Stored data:

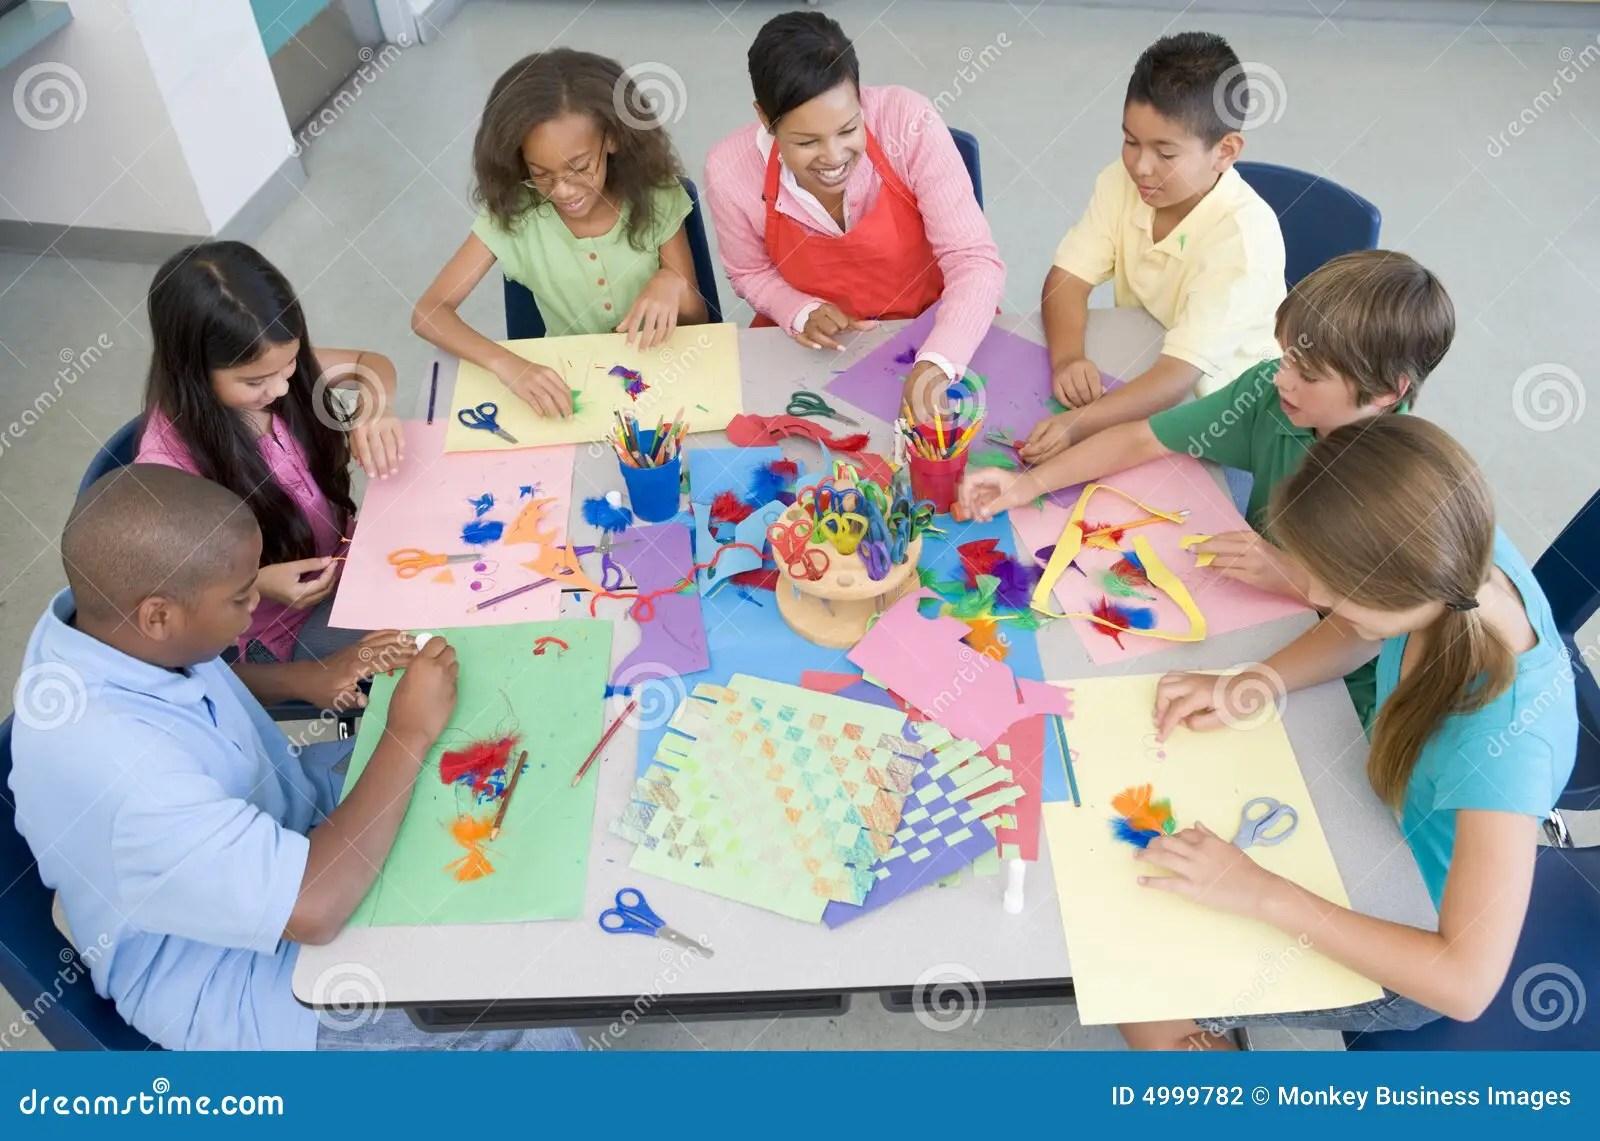 Elementary School Art Lesson Stock Photography
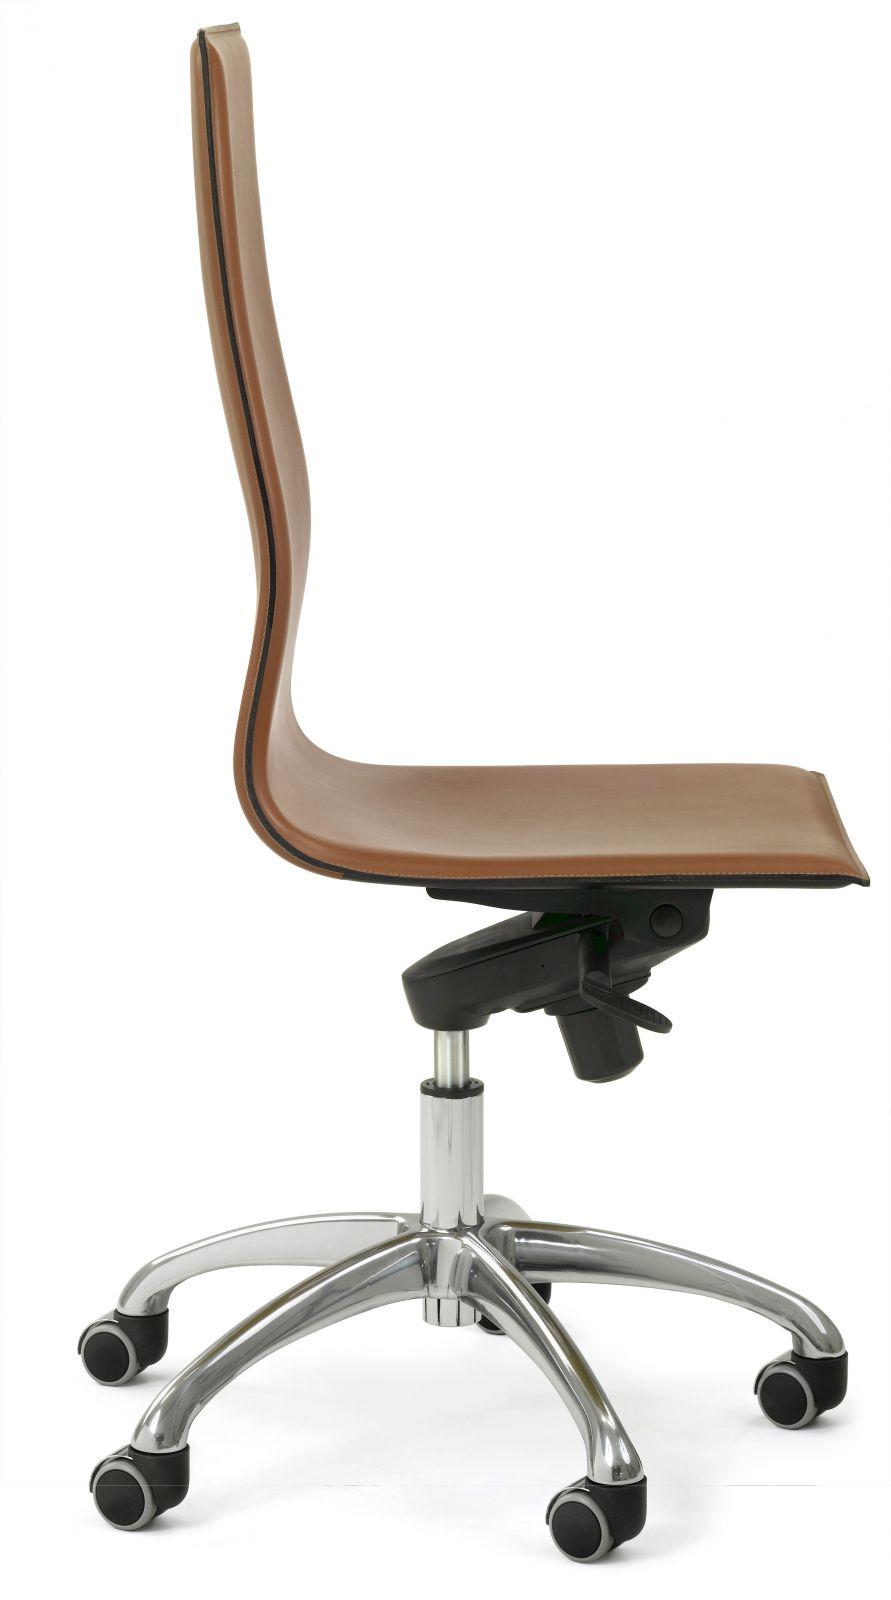 modern-office-chairs-Italian-furniture-designer-chairs (75).jpg
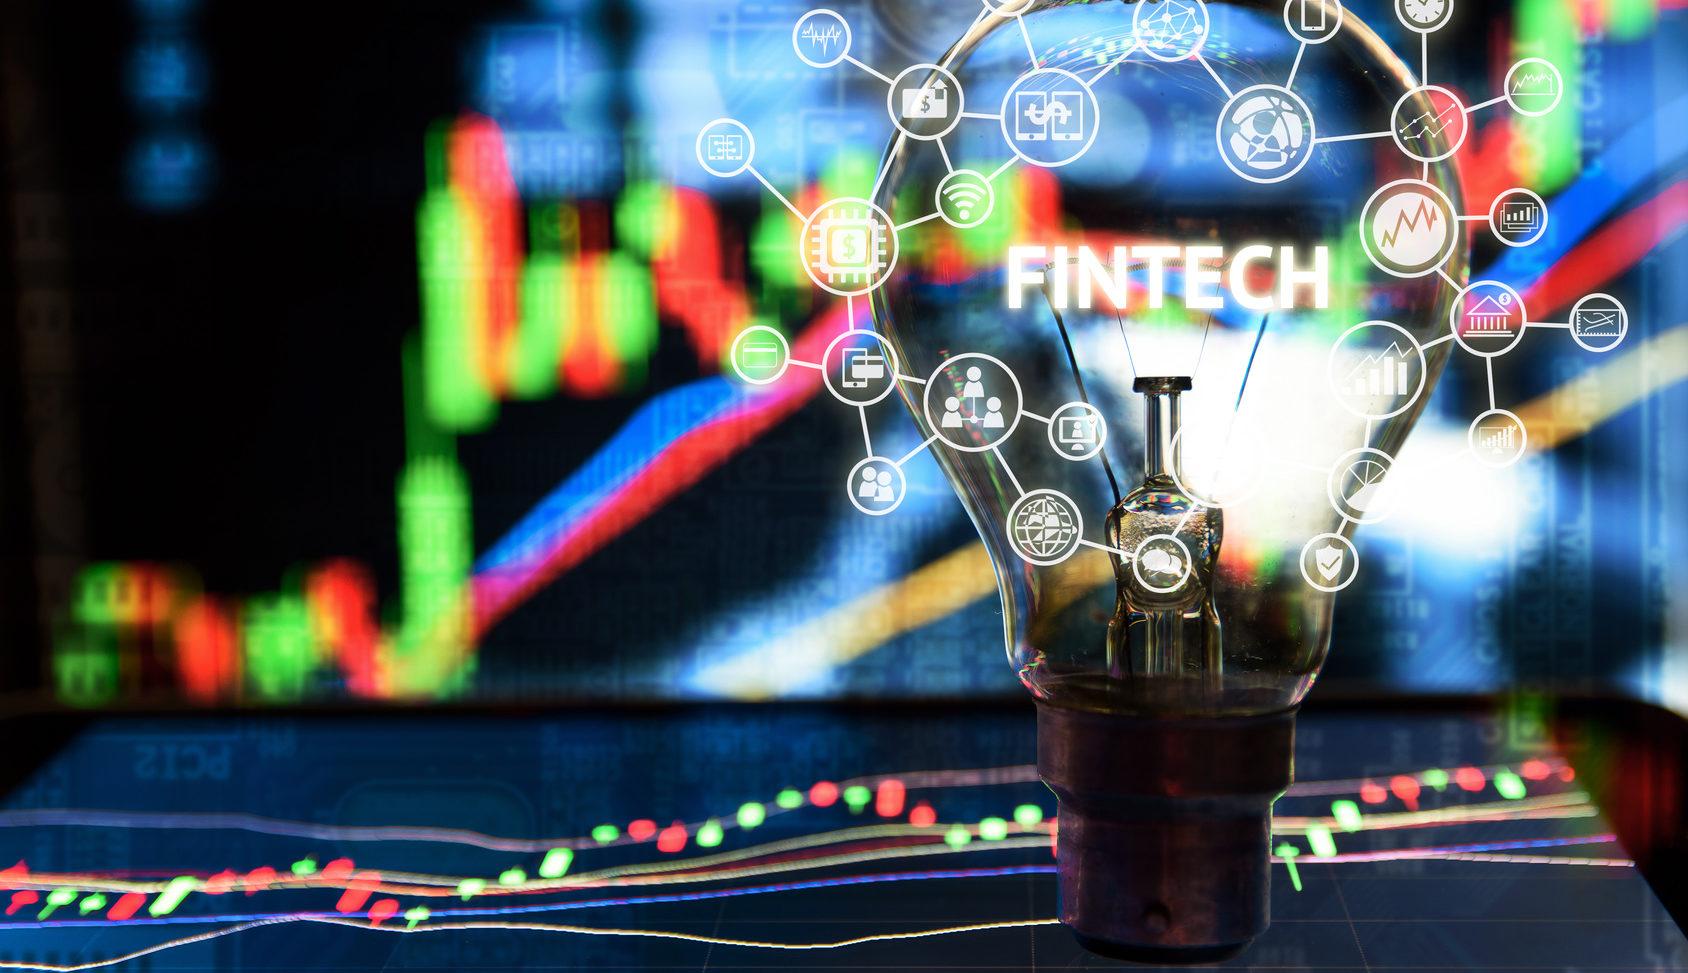 The Fintechs: towards a revolution of finance?
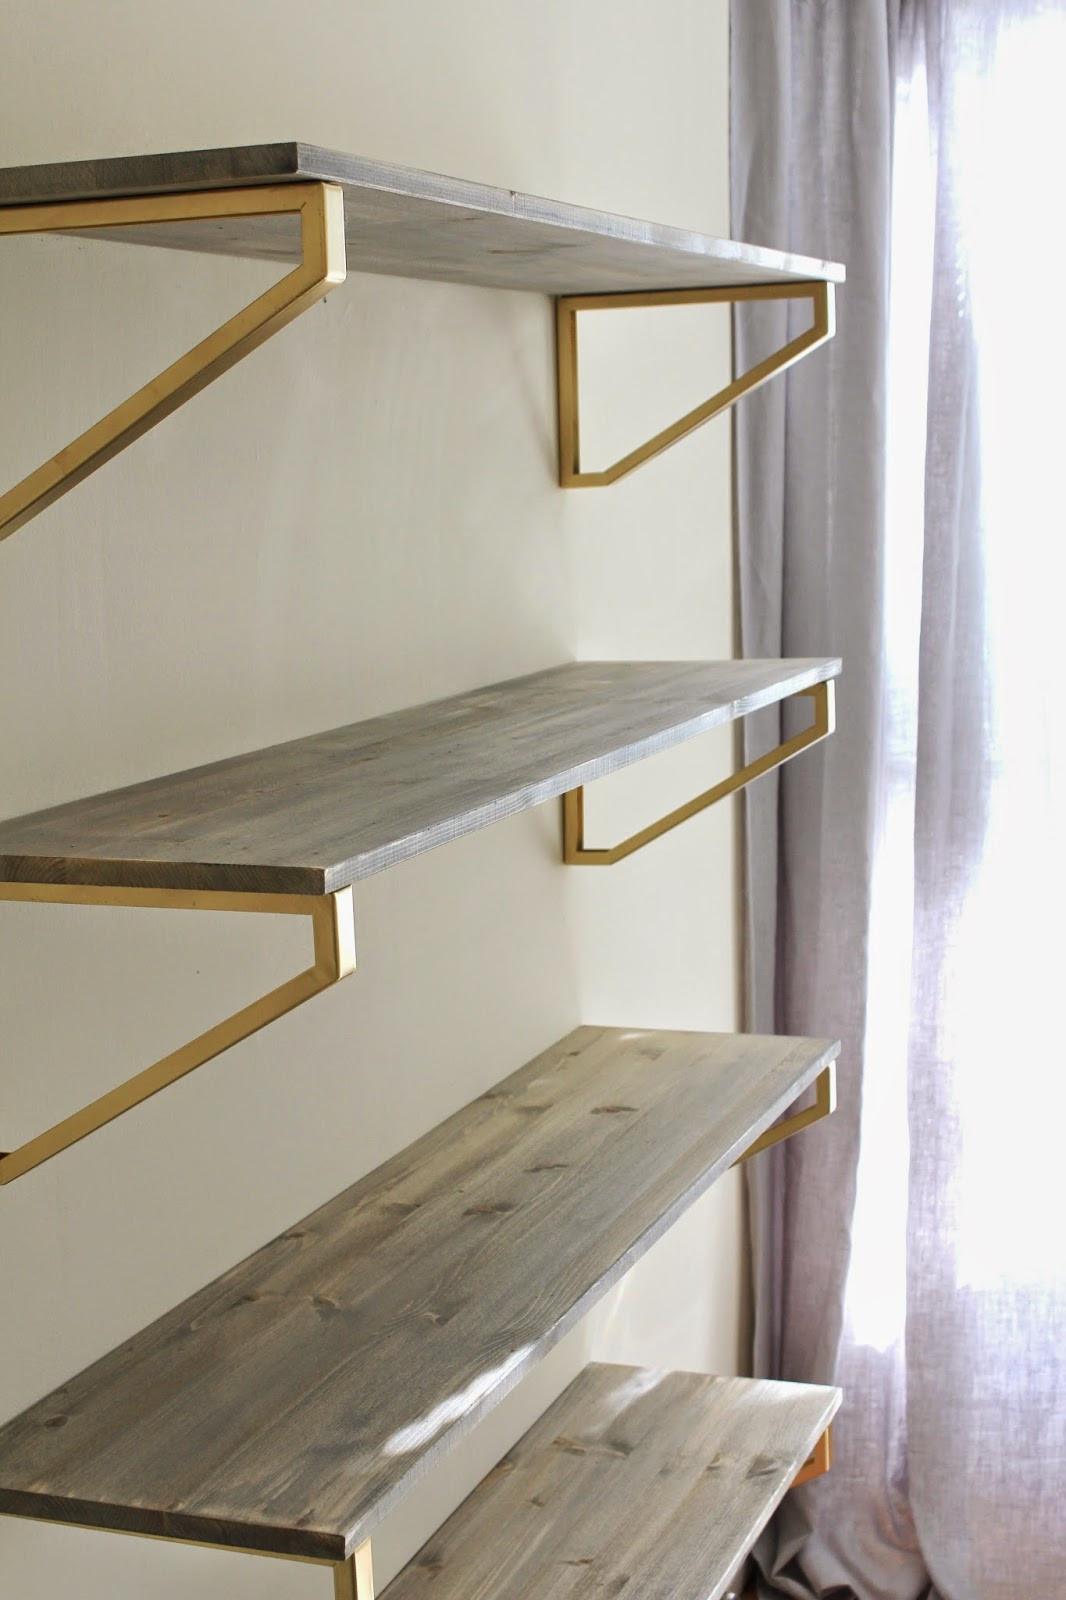 Best ideas about DIY Wood Shelf Bracket . Save or Pin Cup Half Full Rustic Wood Shelf DIY Now.
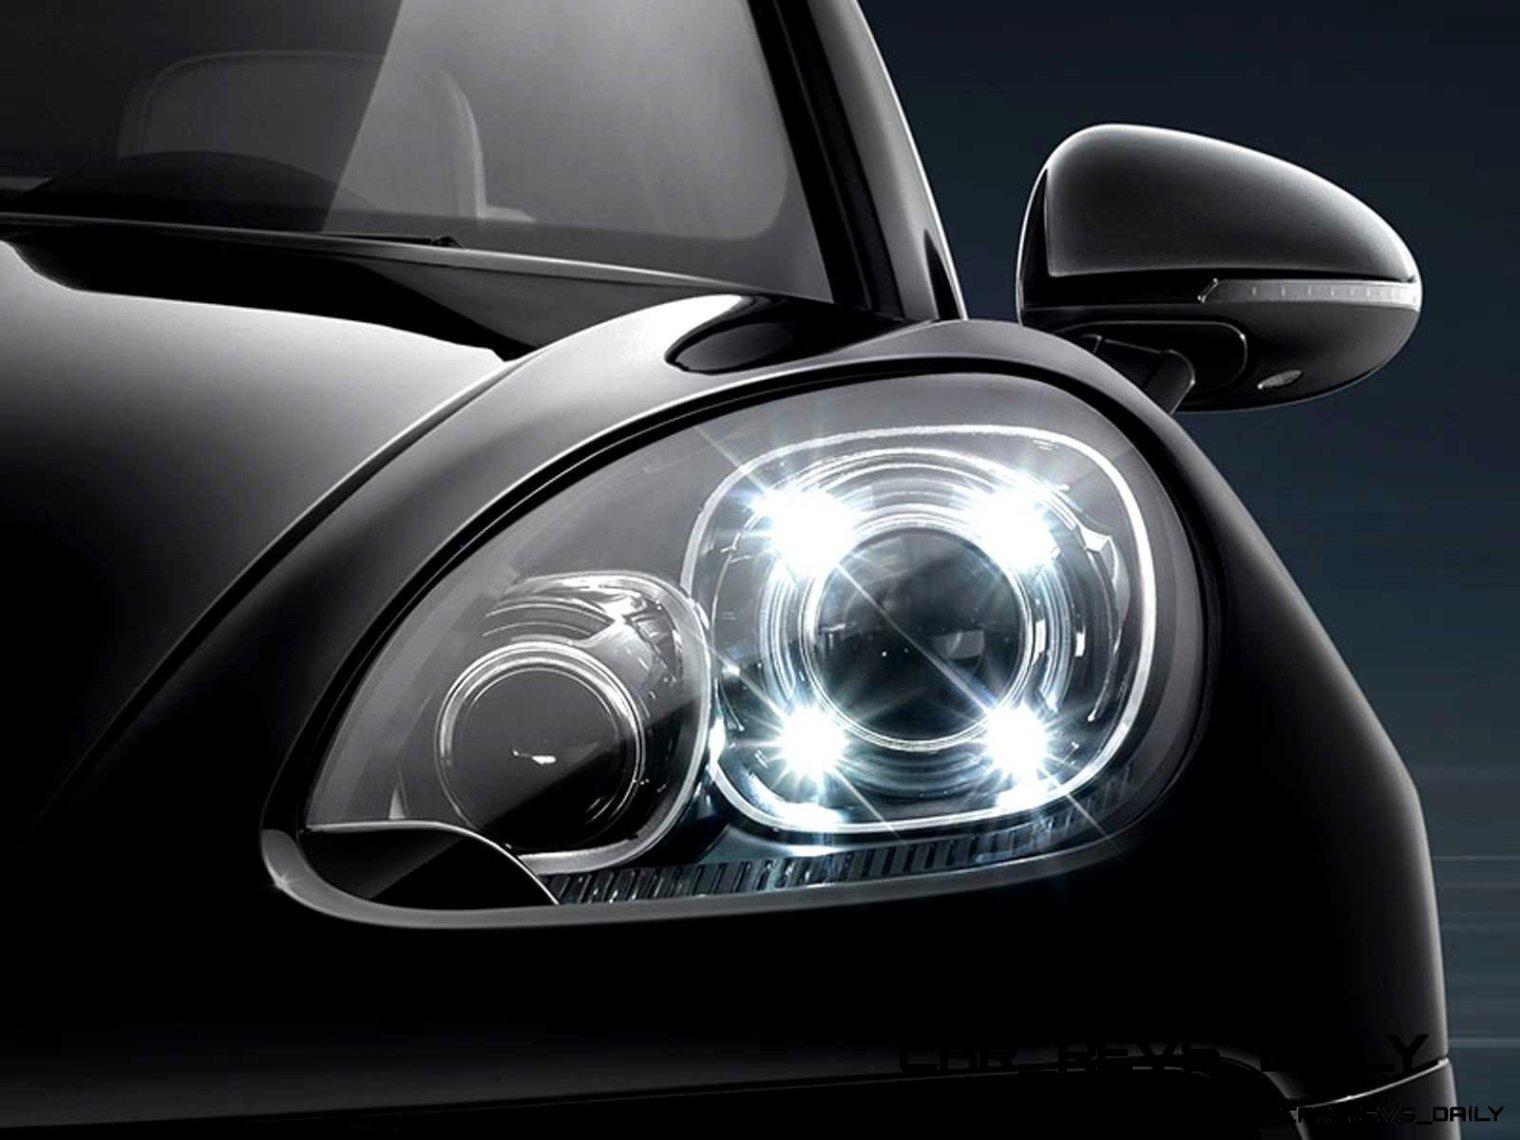 2015 Porsche Macan - Latest Images - CarRevsDaily.com 59

Task to complete | Extract the text of all the records above verbatim, excluding pictures.

Final answer |
 Elementary School Art Lesson Stock Photography
 modern-office-chairs-Italian-furniture-designer-chairs (75).jpg
 The Fintechs: towards a revolution of finance?
 Best ideas about DIY Wood Shelf Bracket . Save or Pin Cup Half Full Rustic Wood Shelf DIY Now.
 2015 Porsche Macan - Latest Images - CarRevsDaily.com 59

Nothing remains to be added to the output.